Si parla spesso in questi giorni di riforma della giustizia evocando oltre alle tante modifiche anche la “responsabilità civile del magistrato” che già nel 1987 fu oggetto di un referendum popolare che poi si affossò in Parlamento. I radicali ed i socialisti affrontarono una battaglia importante per l’affermazione di una responsabilità che dovrebbe essere un obbligo civile, morale ed anche sanzionatorio: chi sbaglia deve inesorabilmente pagare sia esso un medico, sia esso un magistrato, sia esso qualsiasi altro professionista.
Anche se il codice penale vigente ha degli articolati che punirebbe il magistrato inadempiente o che non fa bene il proprio mestiere, ma a mio avviso ciò non basta. Molti errori sono stati causati da negligenze, superficialità e a volte anche mancanza di parsimonia nell’accertare delle verità penalizzati anche dalla fretta di cercare il colpevole a tutti i costi e sbatterlo in galera.

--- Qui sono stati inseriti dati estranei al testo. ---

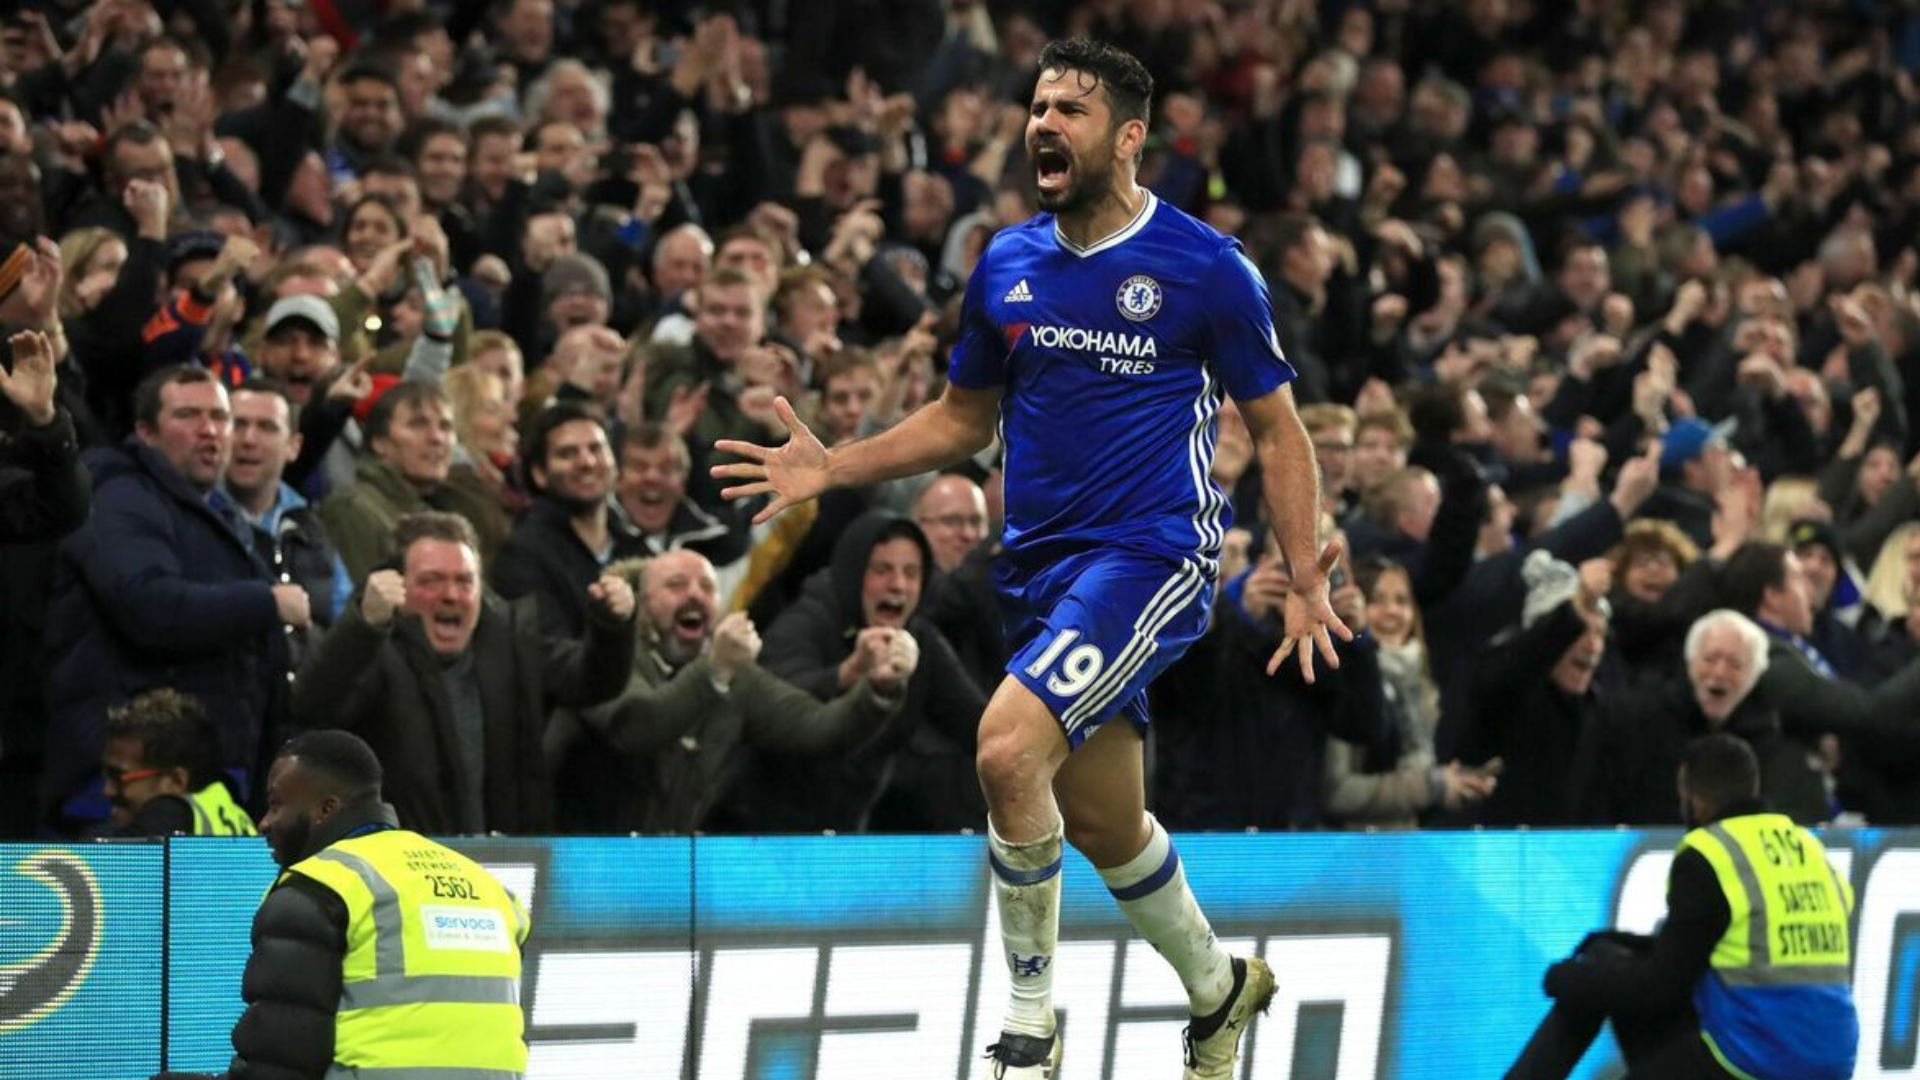 Diego costa shouting while running with a big crowd around him

Non credo siano eresie quello che si sta scrivendo, ma credo che una buona cultura della consapevolezza, delle responsabilità insieme alla condizione di sapere che se si sbaglia si paga, molte leggerezze (qualora ci dovessero essere), sarebbero al vaglio della coscienza e della ragione prima ancora che dell’applicazione stessa della legge.

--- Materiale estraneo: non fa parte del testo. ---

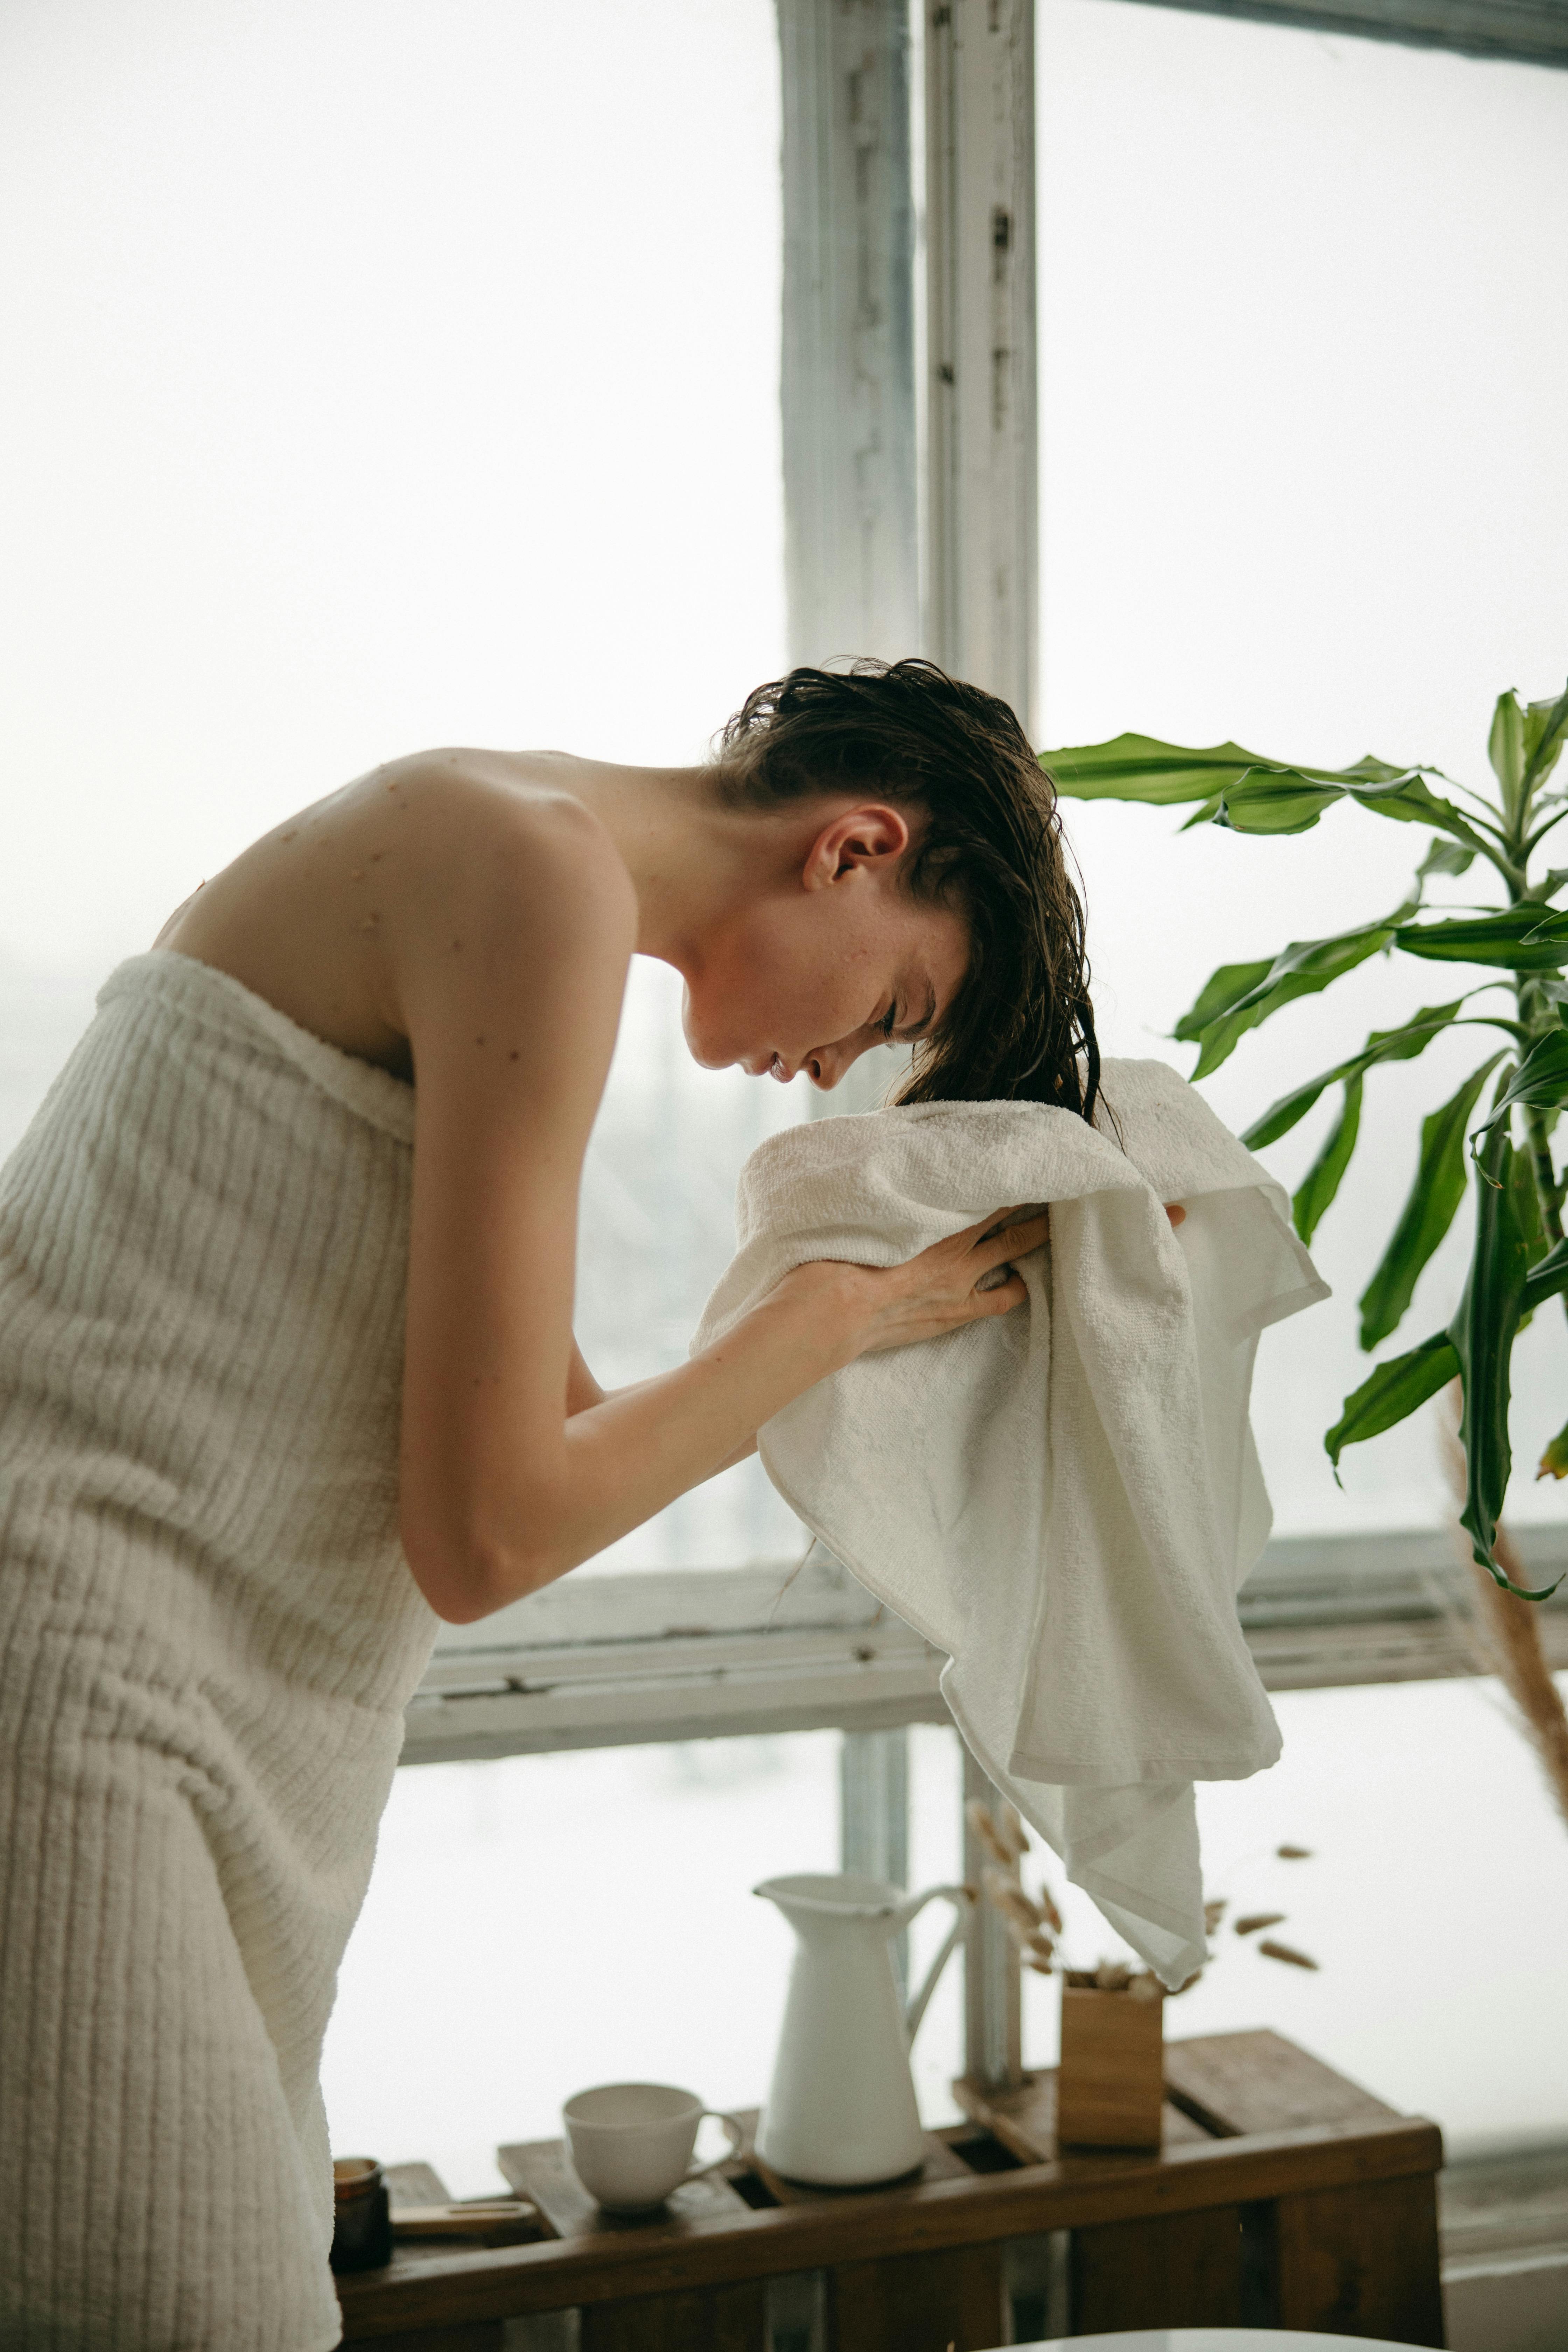 A woman drying her hair with a towel after showering | Source: Pexels

Si eviterebbe una spettacolarizzazione della giustizia così come è accaduto negli ultimi venti anni, favorendo così carriere facili di magistrati in campo politico. Vedi Di Pietro fino a de Magistris che all’epoca era considerato una vittima sacrificale, dove ci fu persino una raccolta firme a sua difesa per la persecuzione che diceva di avere nelle varie indagini giudiziarie che come pubblico ministero istruiva, da “Poseidone” a “Why not”, in cui molti proscioglimenti come tanti insussistenza di prove. Negli anni tutto si è smontato, pezzo dopo pezzo, mattone dopo mattone, facendo restare solo dei rimasugli di pendenze che ancora devono trovare la loro fine. Ma intanto un’inchiesta famosa dove furono rovinate anche carriere e molto altro ancora, si rivela una bolla di sapone racchiusa in una sola frase “insussistenza”. Ed intanto, qualche magistrato antimafia ha dovuto abbandonare il proprio posto come Felicia Genovese, la cui vita e quella del marito Michele Cannizzaro, direttore brillantissimo dell’ospedale San Carlo a Potenza, è stata stravolta. La dottoressa Genovese conduceva importanti e delicate inchieste contro la criminalità organizzata ed in cui si è vista forzatamente trasferita a Roma, mentre il marito svolge solo attività di libero professionista benché fosse considerato uno dei migliori direttori generali della Basilicata.
Alla fine qualcosa in tal direzione dovrebbe pur muoversi, ma se tale direzione è quella di questi ultimi anni c’è poco da stare freschi perché ad ogni contrasto giudiziario finito male (o archiviato) per errore o altro, ci sarà sempre un nuovo giudice che scenderà in politica. Solo facendo una legge apposita che impedirebbe a quest’ultimi carriere politiche per legge, forse e dico forse, tante cose si potrebbero evitare con meno difficoltà.
Ps. ripeto per l’ennesima volta, chi deve dire qualcosa lo faccia pubblicamente su questo sito e non tramite messaggi o altro su social network o altri generi, tipo angoli di ville, bar e stazioni. E dica anche quale è il “marciume” che ho attorno. Il resto sono solo chiacchiere e basta.